In order to catch a cold, your child must come in contact with one of the viruses that cause a cold, from someone else who is affected. The cold virus can be transmitted in the following ways:
- through the air
If a person with a cold sneezes or coughs, small amounts of the virus can go into the air. Then, if your child breathes in that air, the virus will adhere to your child's nasal membrane.
- direct contact
This means that your child directly touched a person that was infected. A cold is easy for children to spread, because they touch their nose, mouth, and eyes often and then touch other people or objects and can spread the virus. It is important to know that viruses can be spread through objects, such as toys, that have been previously touched by someone with a cold.
The symptoms of a cold start from one to three days after your child has been in contact with the cold virus.

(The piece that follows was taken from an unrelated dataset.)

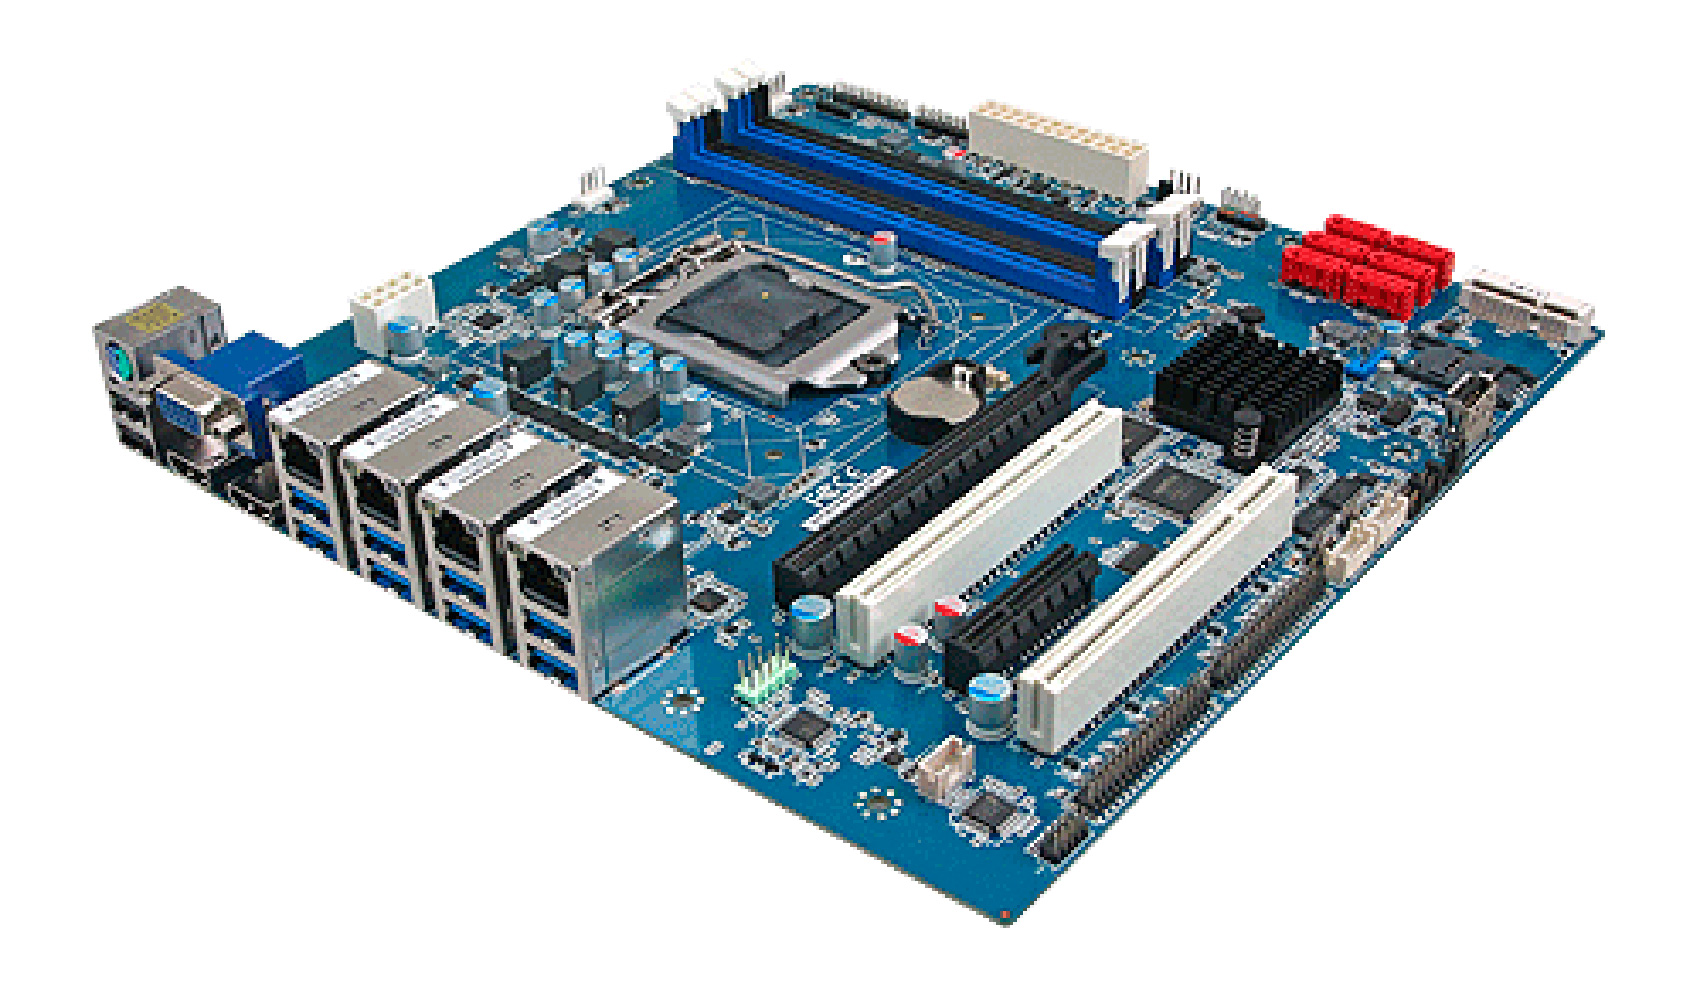 Placa base ATX industrial con procesadores Intel 12ª gen. para proyectos  edge AIoT - Anatronic S.A

Usually, the symptoms last about one week, but this varies in each child, and may last even up to two weeks. The following are the most common symptoms of a cold. However, each child may experience symptoms differently. Symptoms may include:
- unable to sleep
- congestion in the nose
- sometimes vomiting and diarrhea
- stuffy, runny nose
- scratchy, tickly throat
- watery eyes
- mild hacking cough
- sore throat
- achy muscles and bones
- low grade fever
- watery discharge from the nose that thickens and turns yellow or green
- mild fatigue
The symptoms of the common cold may resemble other conditions or medical problems. Always consult your child's physician for a diagnosis.

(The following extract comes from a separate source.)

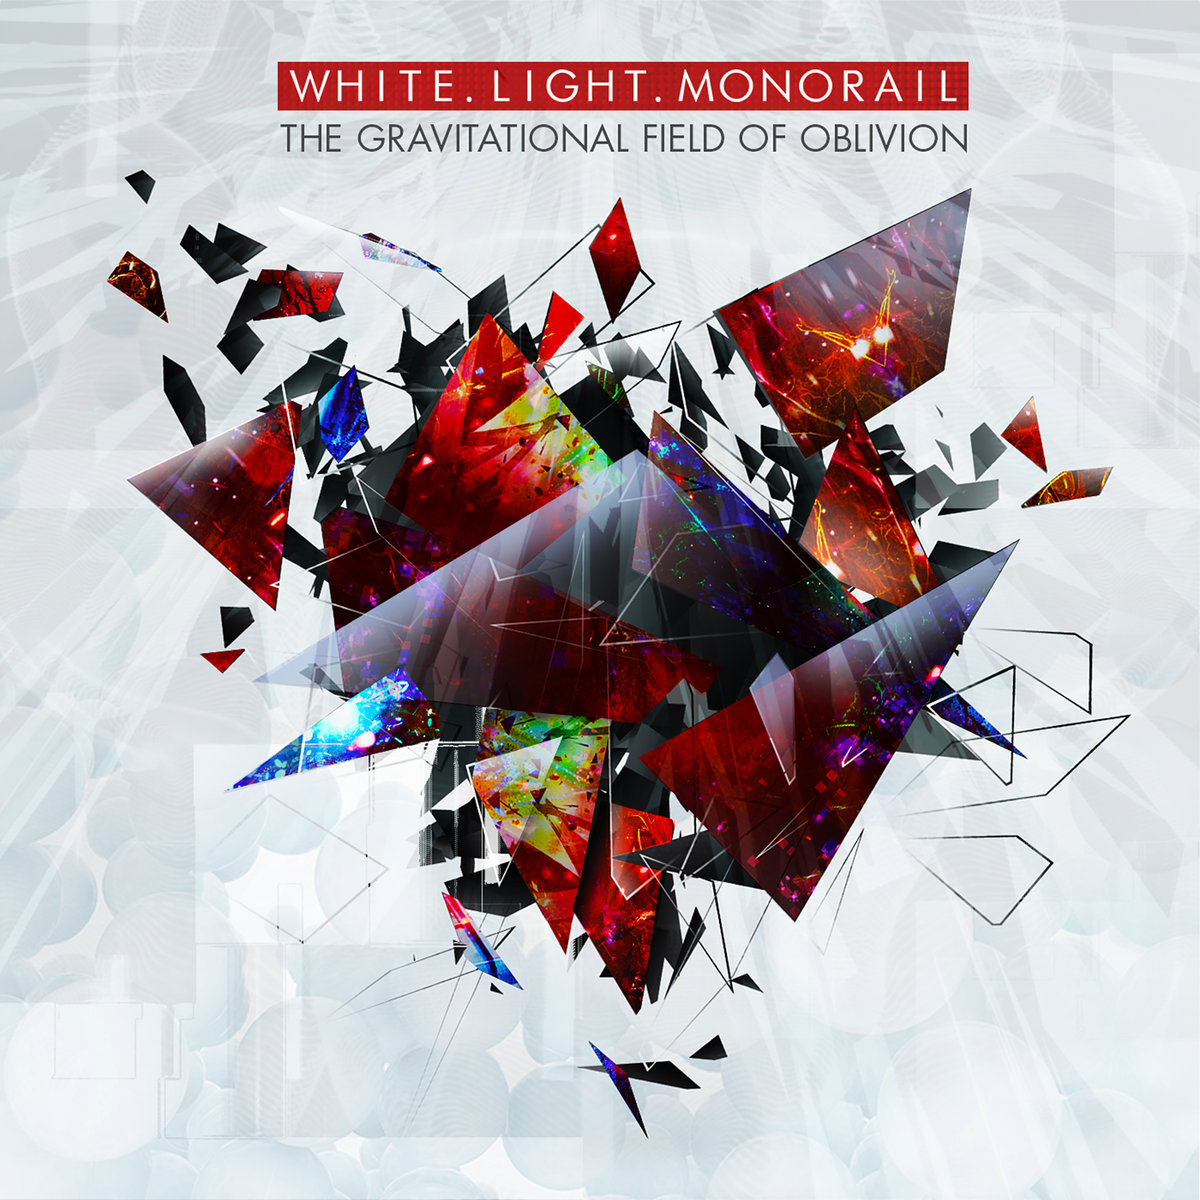 White Light Monorail, “The Gravitational Field Of Oblivion”

A cold and the flu (influenza) are two different illnesses. A cold is relatively harmless and usually clears up by itself after a period of time, although sometimes it may lead to a secondary infection, such as an ear infection. The flu can also be harmless but may progress to a more complicated illness, such as pneumonia and even death. What may seem like a cold, could, in fact, be the flu. Be aware of these differences:
|Low or no fever
|Sometimes a headache
||Commonly a headache
|Stuffy, runny nose
||Sometimes a stuffy nose
|Mild, hacking cough
||Cough, may progress
|Slight aches and pains
||Often severe aches and pains
||Fatigue, may persist
||Sometimes a sore throat
|Normal energy level
Children suffer more colds each year than adults, due to their immature immune systems and to the close physical contact with other children at school or daycare. In fact, the average child will have between six to eight colds a year, while the average adult will get two to four colds a year. However, the average number of colds for children and adults will vary.
Most common colds are diagnosed based on reported symptoms. However, cold symptoms may be similar to certain bacterial infections, allergies, and other medical conditions. Always consult your child's physician for a diagnosis.
It is important to remember that there is no cure for the common cold and that antibiotics will not help treat a common cold. Medications are used to help relieve the symptoms, but will not make the cold go away any faster. Therefore, treatment is based on helping the symptoms and supportive care. Specific treatment will be determined by your child's physician based on:
- your child's age, overall health, and medical history
- extent of the disease
- your child's tolerance for specific medications, procedures, or therapies
- expectations for the course of the disease
- your opinion or preference
Treatment may include the following:
- increased fluid intake
This will help keep the lining of the nose and throat moist and help to prevent dehydration.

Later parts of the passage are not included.